We did some more back of envelope math. Given the amount of external
nodes/info requests made by this service, multiplied by the
amount of nodes in the cluster, we could explain the amount of cross-AZ
traffic we observed!
So why was this service so addicted to sniffing? > Sniffing in Elasticsearch is when the client queries a node in the cluster for a list of available nodes to choose from when sending queries.
Fix
We looked in the backend code, and specifically we looked for ES client creation and configuration. We found a few things: 1. By default, new connections were configured to sniff every 5 seconds. 2. Due to the way our ORM is set up, we create a connection for each index we query. We query over 10 indices. 3. We explicitly configured sniffing requests to fetch all HTTP attributes of every node, instead of the default, much smaller set.
So across our production, staging and development environments, each
with many instances, we got a constant barrage of sniffing requests.
And the fixes, in order, were:
- We changed the sniffing interval to 60 seconds. That’s not dangerous, since nodes are being replaced in a much slower rate. Clients only need 1 reachable node for every request, and errors trigger a sniffing request anyway.
- We started reusing ES Clients in our ORM
- We changed the client config and are now requesting only the attributes we needed for choosing nodes.

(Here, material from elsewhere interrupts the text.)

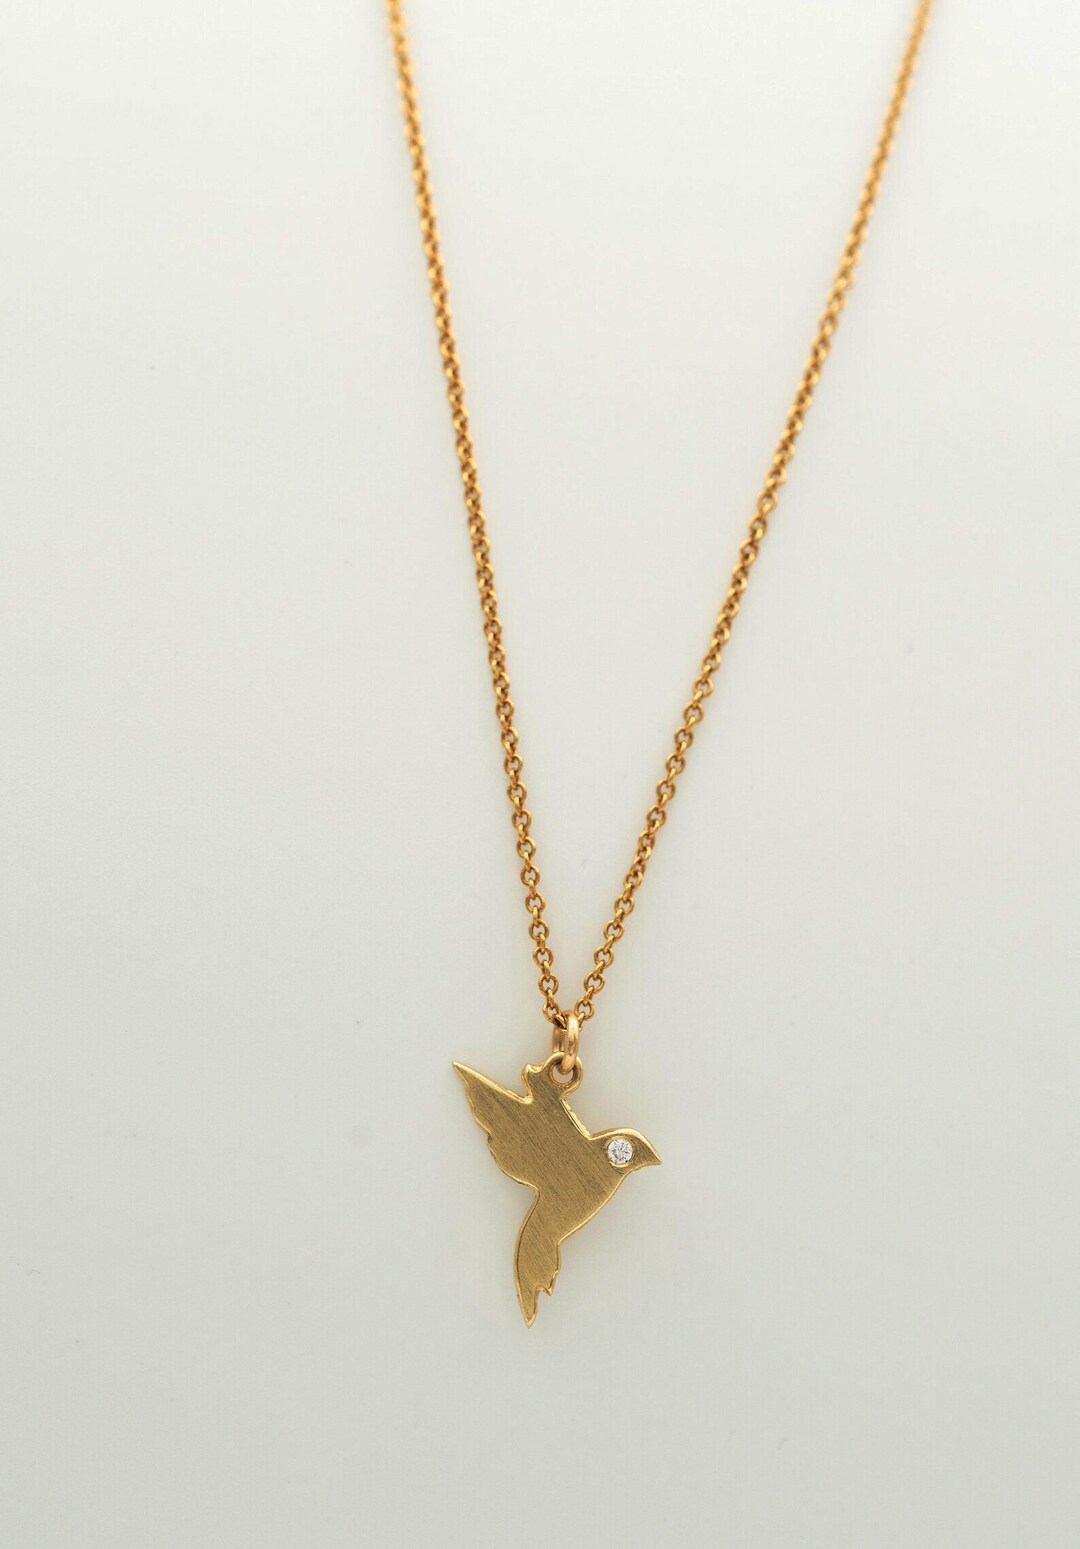 Flying Bird Gold Necklace 14k Solid Gold Dove Necklace - Etsy

In the end, client configuration looked something like this:
const { Client } = require('@elastic/elasticsearch')
const client = new Client({
...
sniffInterval: 60000,
sniffEndpoint: '_nodes/_all/http?filter_path=nodes.*.attributes.aws_*,nodes.*.roles,nodes.*.host'
})Summary
An internal service was sniffing like mad. 3-PetaBytes-of-node-metadata-mad. Despite the lack of readily available logs and metrics, our cloud bill gave us motivation to dive into the river of bytes and dam it.
After all fixes were deployed, cross-az Data Transfer rate was reduced from 3PB/month to less than 0.2PB/Month - a 95% reduction. Still a lot, but much less, and can be explained by regular DB operations. Seeing the following graph was very gratifying:
The moral of the story, if there is one, is that there is no such thing as a true black-box, especially in your own network and self-hosted services. Even if whatever it is you’re using provides no logs or docs, and encrypts traffic over-the-wire, it’s your data and your cores.
Bandaid Overview
We could have chosen to put a bandaid on the problem. Here is a short list of things we could have done which would have improved the situation a bit, but not solve the problem.
- Compress transport data by changing
transport.compress(an ES config). We tried, and it cut message size by ~half - 3PB is a lot, but 1.5PB is still a lot. - Deploy the cluster in a single AZ - would eliminate cost, but sacrifice resilience.